Score: 4 / 5
One of the first movies to be shelved after the pandemic shut everything down in early 2020, the latest Bond movie is finally on the glorious silver screen. It's also the final outing of Daniel Craig as 007. I'm not, strictly speaking, a fan of the whole James Bond thing, but I've found Craig's tenure as the character to have borne five excellent films, each of which has made me rethink my general disinterest toward the franchise. And this one is a fabulous way to end it, though it does require that viewers have seen at least the previous film to make much sense. Actually, really, it's a culmination of all the previous ones; when Casino Royale exploded onto our screens in 2006, it revitalized a franchise for younger generations who needed action and a different kind of sex appeal. While even these movies didn't add anything new to spy thrillers generally, they carved out a nice niche of intergenerational interest and wrote the most interesting chapter yet in the saga of one of the oldest franchises around.
The twenty-fifth Bond film (isn't that wild?), entitled No Time to Die and featuring a haunting song of the same name by Billie Eilish, takes its beautifully paced time to set up the finale of Craig's iteration of James Bond. Beginning with a flashback that gives us some re-introduction to Madeleine Swann (Léa Seydoux), the film seems to center her as Bond's romantic endgame. We then cut quickly to present-day Italy, where James and Madeleine are vacationing; he briefly departs to visit the grave of his original love interest, Vesper Lynd, before coming under attack by Spectre agents. It's a thrilling opening sequence, with an extended chase and shoot-out in gorgeous Matera. Suspecting Madeleine of treachery, he sends her tearfully away, and then begins the mournful theme song.
See, I told you it requires viewing other installments. Specifically Spectre, although it's helpful to have a working knowledge of the others, too.
Bond goes off the grid into an early retirement of isolation in Jamaica, and lives there (or at least ends up there) for apparently five years. But when a bioweapon called Project Heracles -- a virus mobilized by nanobots that can be programmed to only attack certain DNA -- is stolen by terrorists, Bond is approached twice in the same day for help. First by his friend, CIA agent Felix (Jeffrey Wright) and a new guy named Logan (Billy Magnussen), then by his MI6 replacement, the new 007 named Nomi (Lashana Lynch). Bond's distrust of M (Ralph Fiennes) and his obvious secret knowledge about the new threat pushes him to team up with the Americans. It helps that Moneypenny (Naomie Harris) and Q (Ben Whishaw) are still on Bond's side and help out a lot.
The film's gorgeous cinematography by Linus Sandgren (First Man, La La Land, Battle of the Sexes) paints a beautiful canvas for all these players to thrive, and for the most part director Cary Joji Fukunaga (True Detective, 2011's Jane Eyre, Beasts of No Nation) lets each player shine in their solo scenes. Perhaps my favorite scene in the movie takes place when the team infiltrates a Spectre meeting in Cuba, a birthday celebration for Bond's incarcerated arch-nemesis Blofeld (Christoph Waltz). Bond teams up with Paloma (Ana de Armas), a CIA agent, to find the scientist who developed the virus. Her energy and style steals the entire movie, despite her extremely limited screen time, which can't have been more than 15 or 20 minutes. Also of note, Nomi is a wonderful new character, but her role as, simply, the new 007 is quite limiting; I fear that the producers and writers used her to experiment on audiences to see if people would accept a Black woman as "Bond," and now I fear that the character's un-dynamic role in this film might prevent them from experimenting any further. It feels more like lip service and fan service than about any artistic integrity. But, then, we are still talking about another James Bond movie.
Other problems I had with this one?
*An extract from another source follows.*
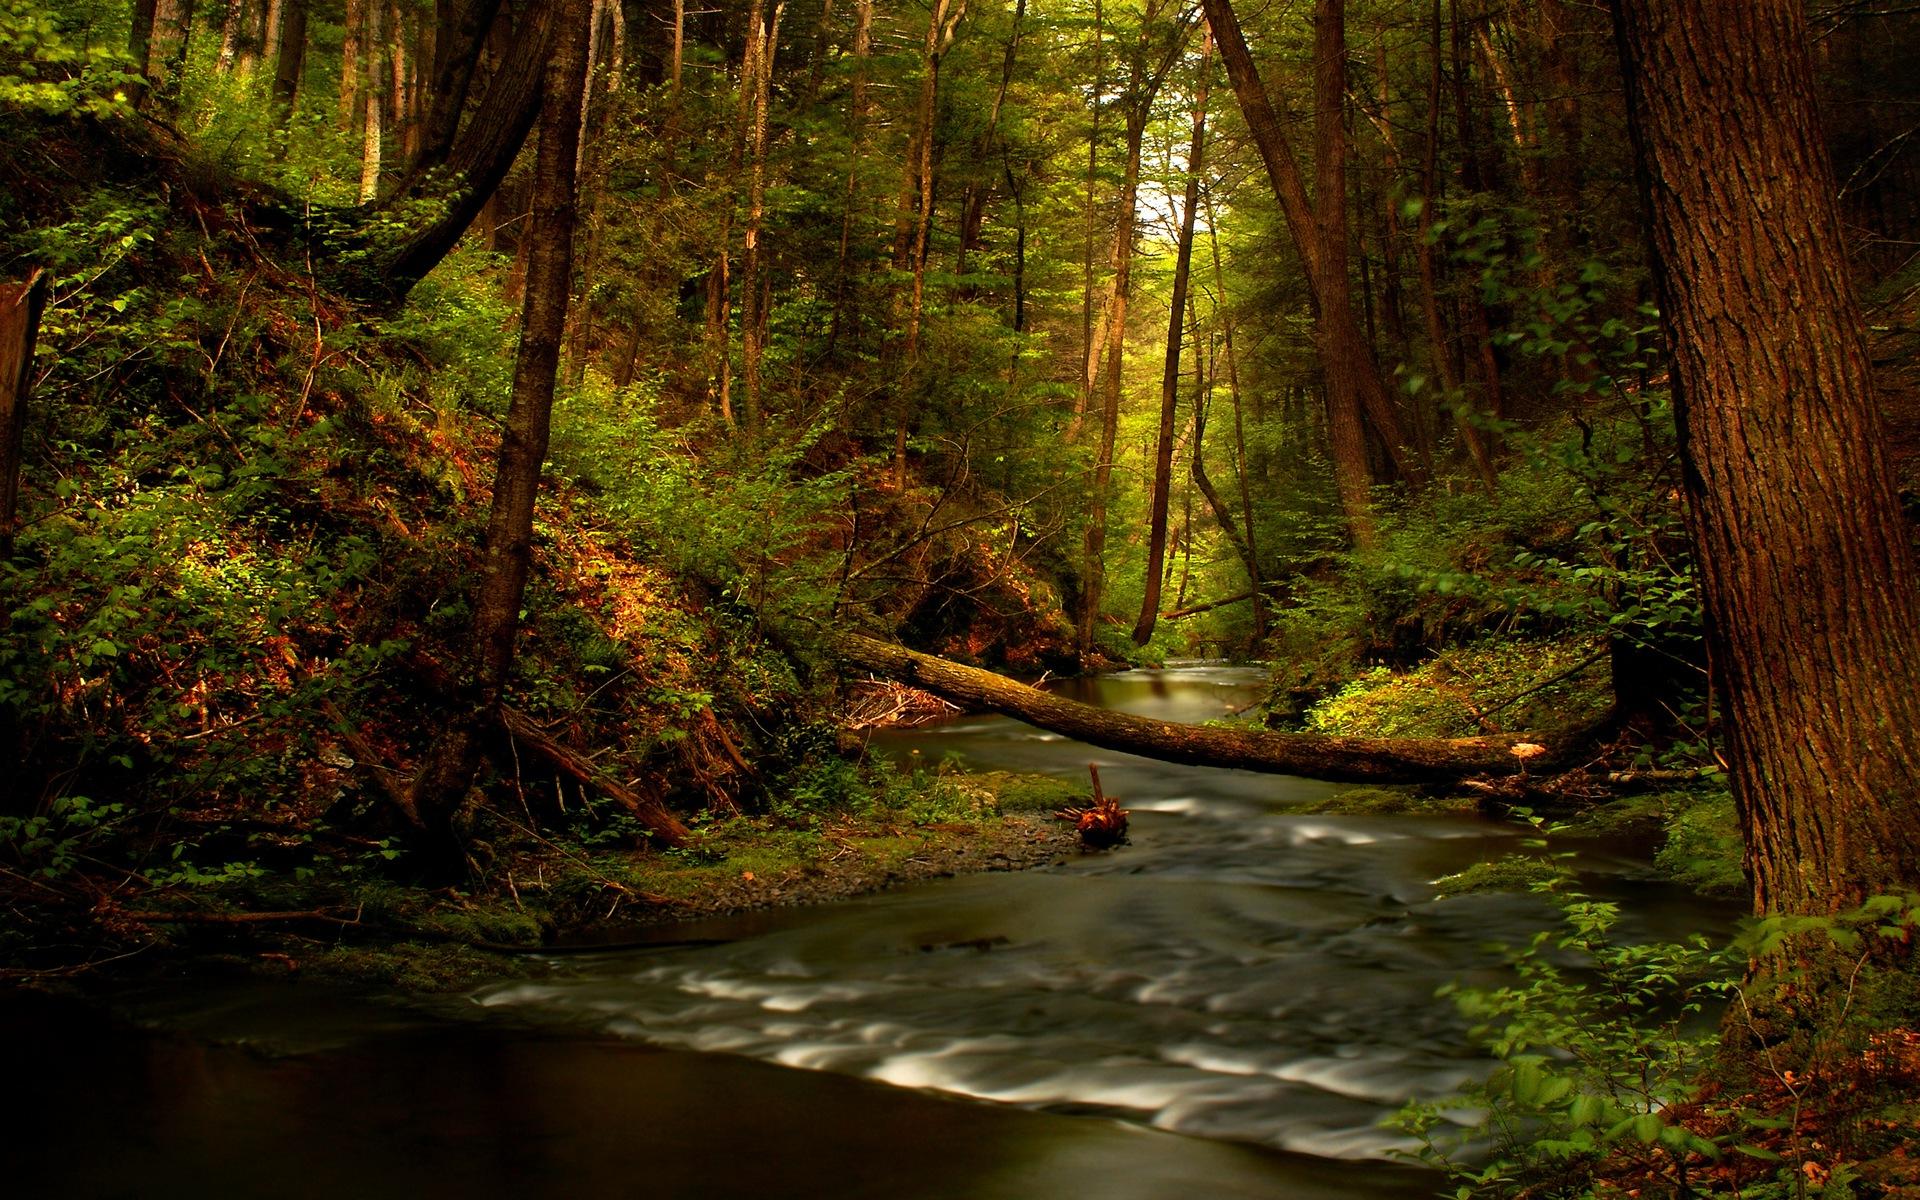 река лес  № 2789156 загрузить

Well, first and foremost, I was sorely disappointed by the villain. Blofeld finally meets his end, but it's a pretty miserable one that felt unsatisfying. But Rami Malek's new character (I can't remember how it's spelled, but it sounds like "Lucifer") is almost pathetic, not even really showing up until after the halfway point and then hardly doing anything afterward. He monologues through a thick accent and menaces a child and vaguely wants to destroy the world and he just feels like any other Bond villain ever. Javier Bardem's terrifying Raoul Silva in Skyfall was the exception, and Craig deserved a better villain for his final outing. Then again, perhaps Craig's self-tortured take on the character might have been such that Bond himself is ultimately his own bad guy, and in this movie the climax certainly forces him to come to terms with his own willingness to fulfill a mission and also live a happy life. My other problem with this movie is the same as with Spectre in that I don't like watching Seydoux; she is utterly vapid on screen and has no chemistry with Craig (or anyone else) at all.
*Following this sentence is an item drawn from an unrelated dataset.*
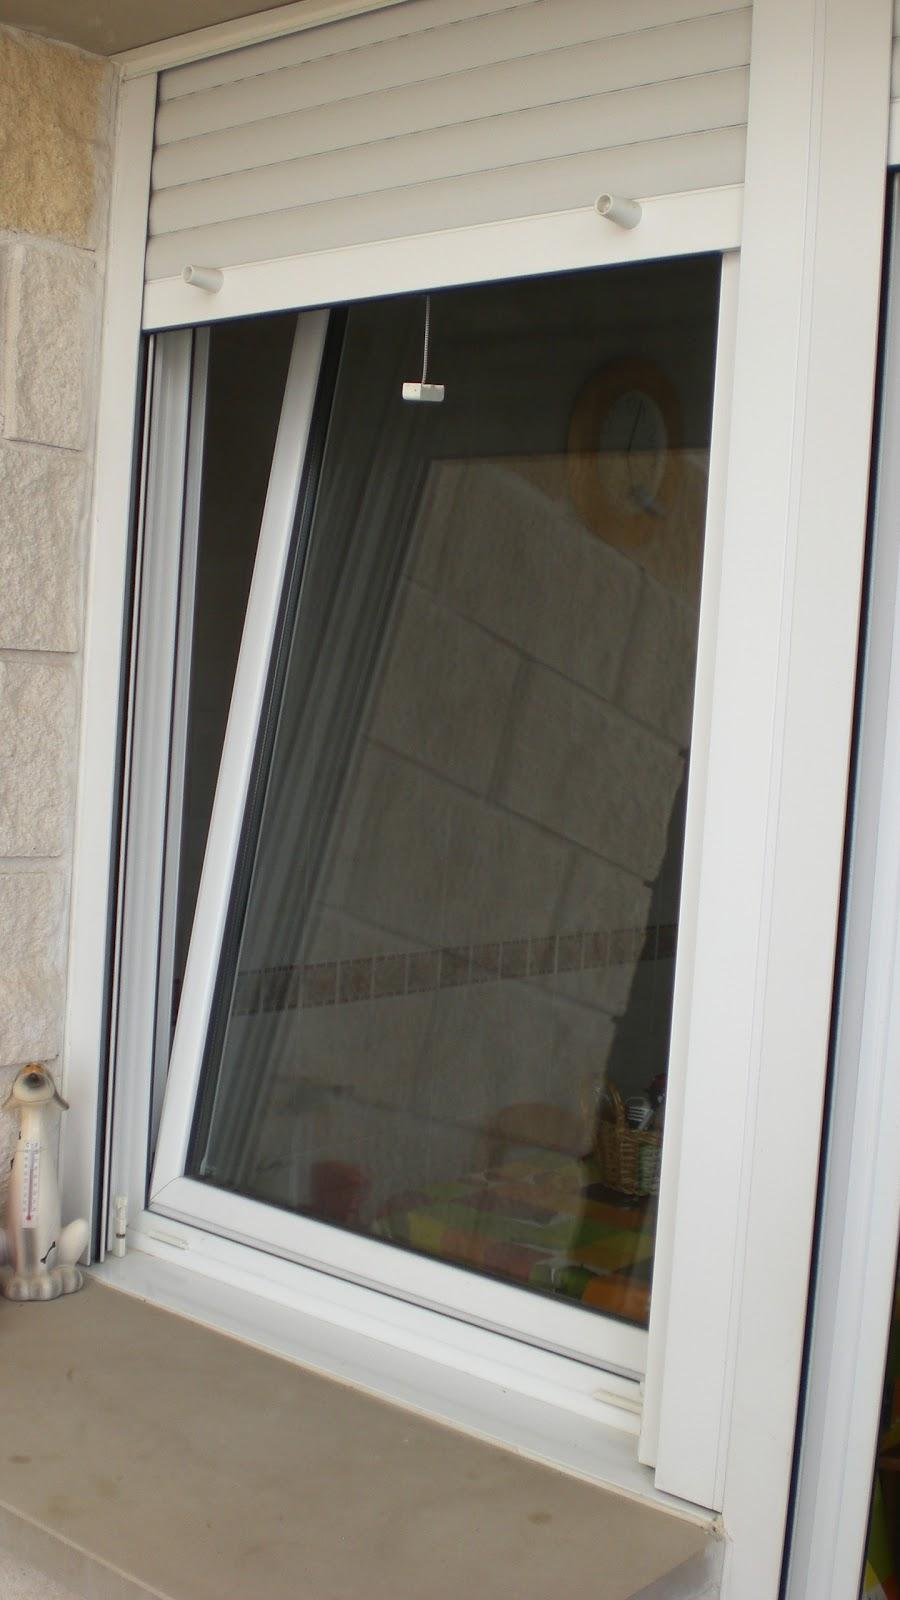 Cuaderno del bombero apertura de ventanas oscilobatientes for Puerta oscilobatiente

My own complaints included, No Time to Die is a really good time at the movies and fittingly ends this series on a solid note. I look forward to future viewings of the five Craig 007s because each has some really fascinating and fabulous choices, even for someone like me, who had never seen a Bond movie before Casino Royale and now, frankly, doesn't feel a need to see any others.